The Chicago Pride Parade—held annually on the last Sunday in June—wasn’t always the massive street festival and celebration it is today. The first parades, organized in the early 1970s, drew a few hundred people, and the focus was overtly political. There to document it all was Eunice Hundseth Militante.
A photographer and an activist, Militante was a fixture at women’s marches, demonstrations, and Pride Parades in Chicago throughout the 70s, becoming a sort of unofficial photographer of the gay rights and feminist movements.
Her photographs are part of the Eunice Hundseth Militante Photograph Collection, a large archive of materials associated with Militante just acquired by the Newberry. The collection includes photographs documenting Pride Parades of the 70s, as well as informal photographs of life among women in the lesbian and feminist communities in Chicago.

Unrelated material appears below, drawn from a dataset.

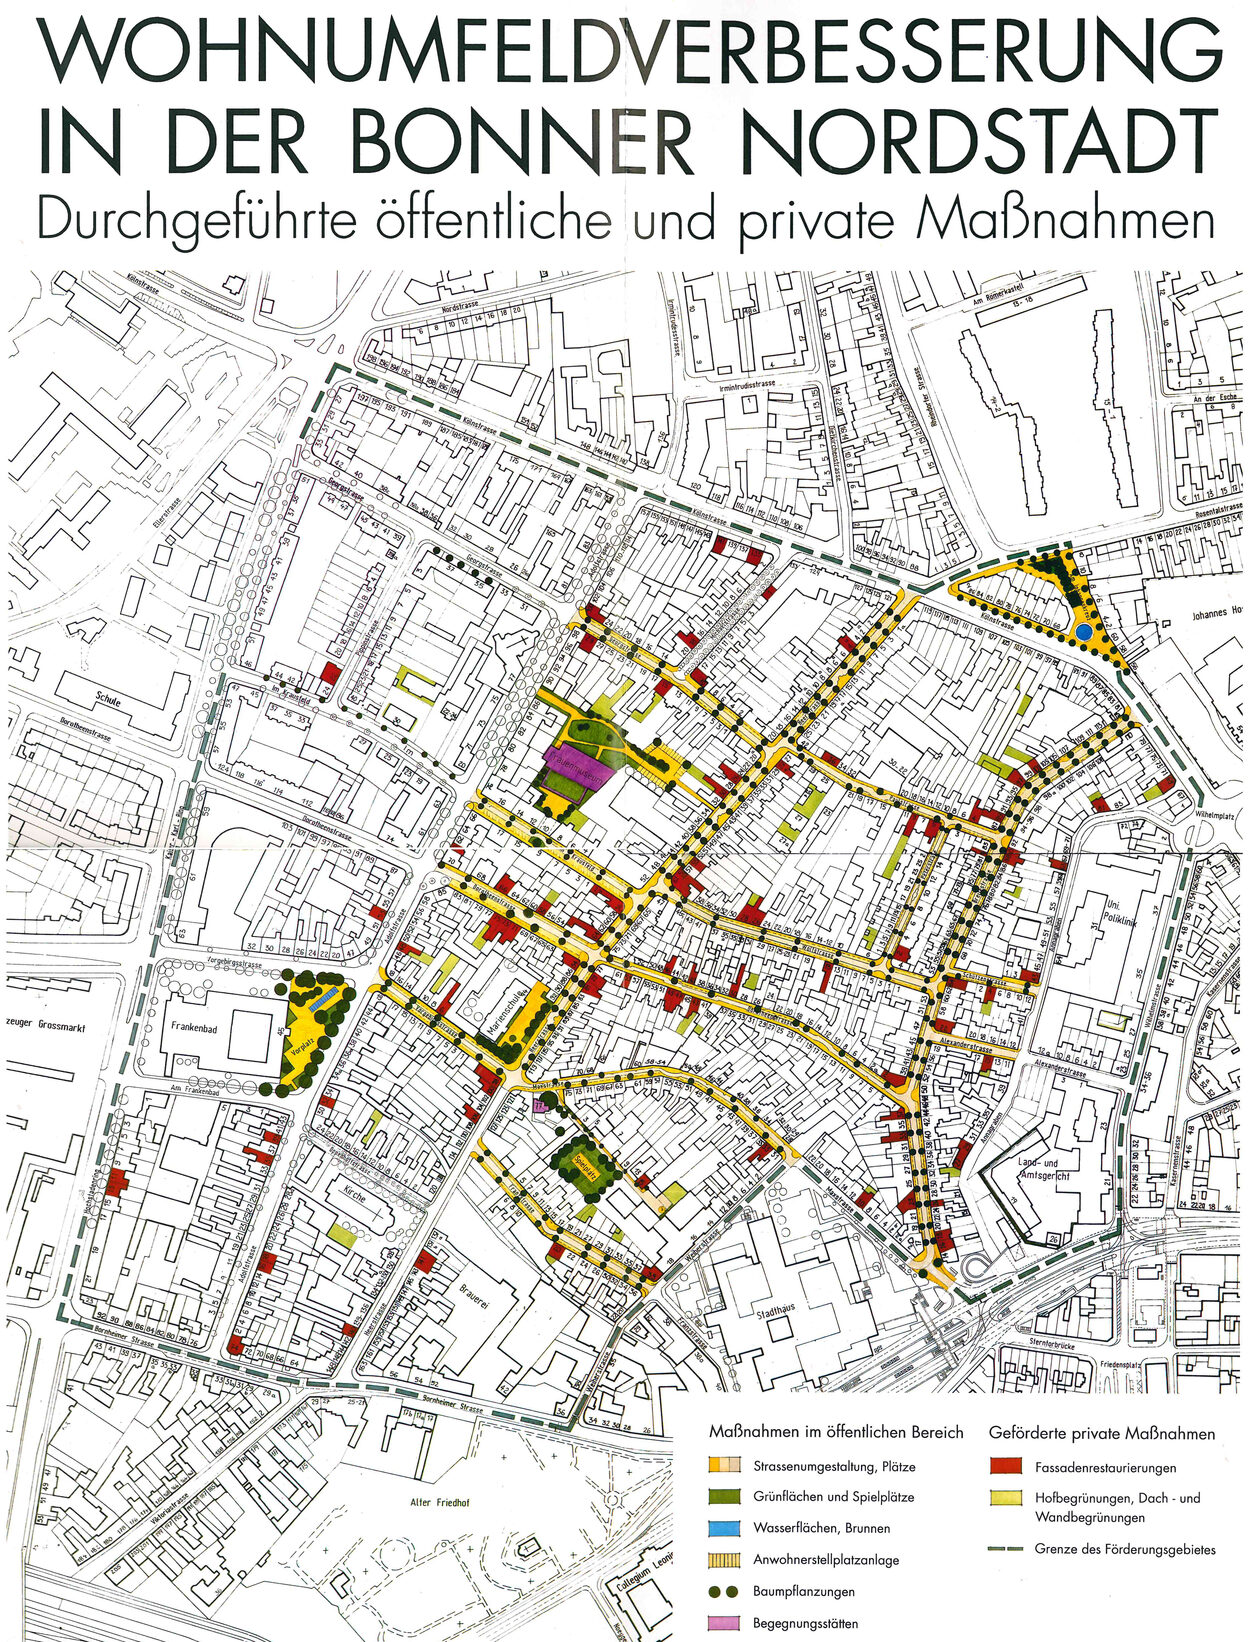 Wohnumfeldverbesserung in der Bonner Nordstadt - Übersicht über die Maßnahmen

The first Pride marches were inspired by the Stonewall riots in New York City—a series of protests by the city’s gay community against the storming by police of the Stonewall Inn, a gay bar in Greenwich Village, on June 28, 1969. The following year, marches were scheduled to coincide with the anniversary of Stonewall in New York City, San Francisco, LA, and Chicago, where the march began in Bughouse Square, directly across from the Newberry. Organized by Chicago Gay Liberation and attended by around 150 people in total, the Chicago march passed through the Michigan Avenue shopping district before arriving at Daley Plaza, with marchers listening to speeches, dancing, and chanting slogans along the way.
Over the next decade, the Chicago parades grew and grew, attracting participants like Militante.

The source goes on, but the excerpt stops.